Para lembrar o Dia da Amazônia, a Brasiliana Fotográfica destaca um grupo de 15 fotografias do acervo da Diretoria do Patrimônio Histórico e Documentação da Marinha, uma das instituições parceiras do portal, sobre a expedição realizada, em 1901, à Amazônia com o objetivo de demarcar o limite entre Brasil e Bolívia. Foram realizadas três expedições e as comissões instituídas pelo governo brasileiro objetivavam traçar o limite na região amazônica e verificar a localização da principal nascente do rio Javari, cujo desconhecimento gerava controvérsias.
A primeira e segunda expedições foram realizadas em 1895 e 1897 e foram chefiadas por Gregório Thaumaturgo de Azevedo (1853 – 1921) e Augusto Cunha Gomes (18? – ?), respectivamente.

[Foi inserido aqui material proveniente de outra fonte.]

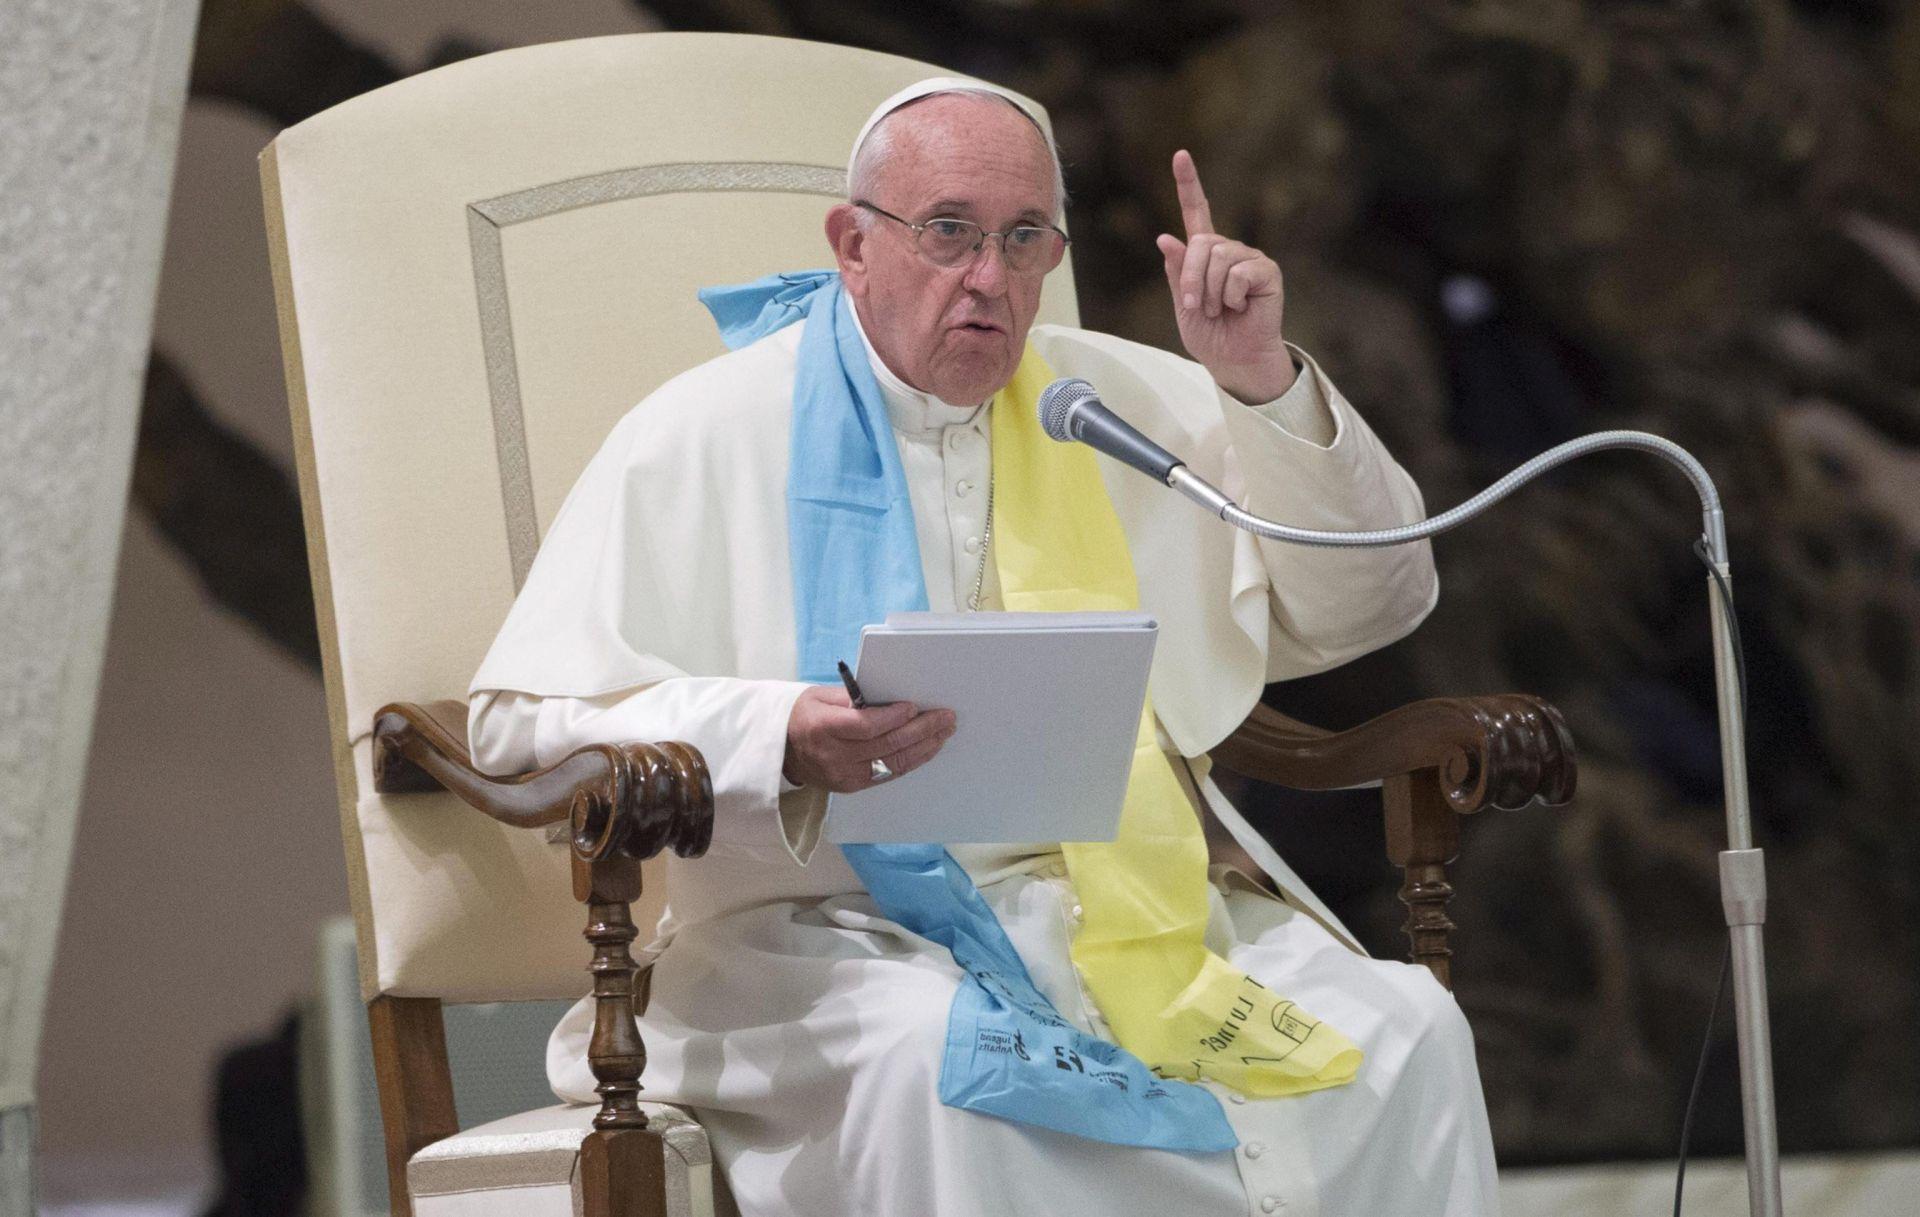 OTVORIO VRATA TURISTIMA: Papa potpuno odustaje od boravka u Castel Gandolfu

A terceira, assunto de nosso artigo, foi chefiada pelo astrônomo belga Luis Cruls (1848 – 1908), que havia sido fotografado por seu amigo Marc Ferrez (1843 – 1923), em torno de 1884. Cruls foi diretor do Observatório Astronômico do Rio de Janeiro entre 1891 e 1908. O retrato (abaixo) foi exposto, em 1884, na Notre Dame de Paris, e referido como um “trabalho artístico obtido pelo novo sistema de gelatino-bromureto, especialidade do sr. Marc Ferrez, clichê do sr. Insley Pacheco”(Jornal do Commercio, 4 de julho de 1884, na última coluna).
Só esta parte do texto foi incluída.